# Looking for a Free "How-To" for the Smith Manoeuvre



## deal_king (Dec 28, 2010)

I'm looking for a free how-to instruction manual or e-book or software for the Smith manoeuvre. I've read lots of posts about it but I can't find a step-by-step manual for noobs.

Can anyone help?


----------



## m3s (Apr 3, 2010)

http://www.milliondollarjourney.com/the-smith-manoeuvre-a-wealth-strategy-part-1.htm


----------



## deal_king (Dec 28, 2010)

mode3sour said:


> http://www.milliondollarjourney.com/the-smith-manoeuvre-a-wealth-strategy-part-1.htm


I've read this already and it not a "how-to" and is not very detailed. This someone just writing about their experience in implementing the strategy.


----------



## m3s (Apr 3, 2010)

Ok it sure looked like a complete 6 step SM "how-to" to me

Beyond that maybe you should read on how to invest? How to deduct the interest from your taxes?

SM is simply investing money taken from a tax deductible HELOC.. not sure what else there is to it?


----------



## Four Pillars (Apr 5, 2009)

deal_king said:


> I'm looking for a free how-to instruction manual or e-book or software for the Smith manoeuvre. I've read lots of posts about it but *I can't find a step-by-step manual for noobs*.
> 
> Can anyone help?


Gee, I wonder why you can't find something like this for free? Once you figure it all out - why don't you spend a few hundred hours writing a ebook, format it nice and then give it away for free? Maybe then you'll figure out why people charge for stuff. 

I would check Amazon or a book store for what you want. Oh, and don't forget to bring some $$.


----------



## FrugalTrader (Oct 13, 2008)

[email protected] Mike

Deal king, you can find more info here: http://www.milliondollarjourney.com/the-smith-manoeuvre-resource.htm


----------



## Jungle (Feb 17, 2010)

You will not find a source more rich than Frugal's blog about SM. (maybe other than Fraiser's book)
You will also need to learn about stock investing.
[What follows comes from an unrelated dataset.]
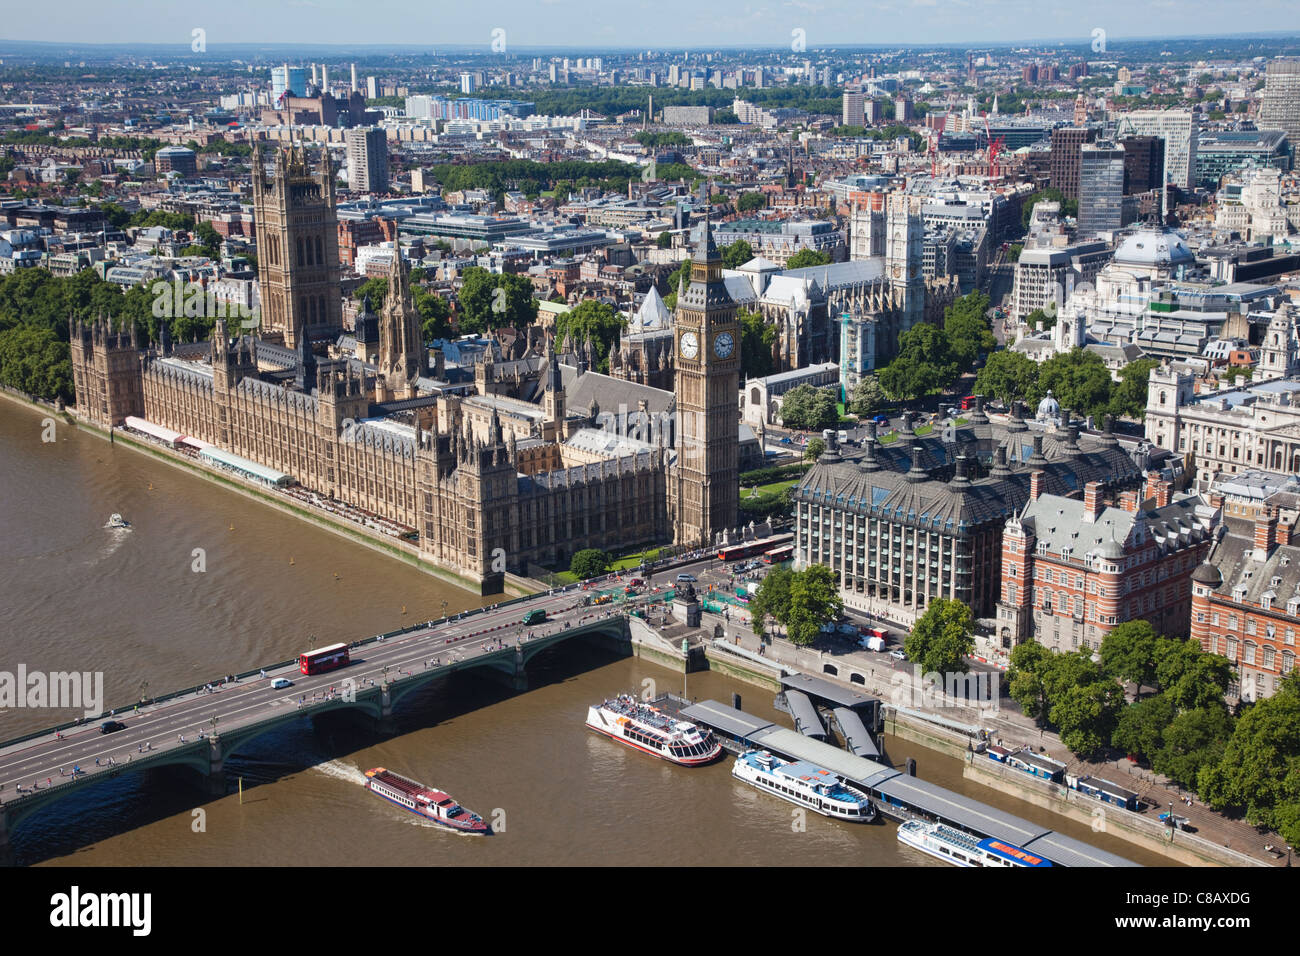 England, London, Palace of Westminster and River Thames, View from the London Eye Stock Photo

This area is huge. You should read a couple books about stock investing. I started with stock investing for dummies. Canadian version. I thought it was a great book to start; I still reference to it. 

If you are the same poster I saw hunting for a new mortgage, *make sure* you set up one of these mortgages off the bat:

http://www.myvirtualmortgagebroker.com/Smith-Manoeuvre-Mortgages-Smith-Maneuver.html

If you do not set up one of those mortgages, you can't do SM. 

Here's your steps:
1. Set up re-advance mortgage
2. Learn how to stock invest
3. Learn how to do SM from Frugal's blog


----------



## marina628 (Dec 14, 2010)

Just seen FrugalTrader is from Newfoundland ,that's where I am from But now live in Ontario.I read you blog but assumed east coast meant somewhere else on mainland!Nice to meet you sir ,should we screech all these guys in?


----------



## FrugalTrader (Oct 13, 2008)

Small world Marina! I think CMF'ers would appreciate a bit of screech.


----------



## marina628 (Dec 14, 2010)

We had a family reunion summer 2010 and over 100 of us came back.We had a hard time finding a cod fish for them to kiss so did double shoots of Newfie screech lol.I am from out 'around the bay' , are you a townie?lol
Can't believe house prices in St.John's these days .We own a home in Bonavista Bay area , we had it built in 2008 for $55,000 including the furniture , land was a gift from in laws.Three bedroom one bathroom kitchen ,living room and dining room about 1200 sq ft.In Newfoundland you can get skilled carpenters for $15.00 per hour!Brother in law electrician so of course we got it done just for materials. We love it there and since I work from home and have online job can go there for entire summer months.


----------



## FrugalTrader (Oct 13, 2008)

Yip, townie over here!

Housing prices in St. John's are extremely high (IMO). Labour is very difficult to source, and when you do, they charge A LOT. Some friends of ours just finished building a 2000 sq ft house with double garage on a 50x100 lot for $500k.


----------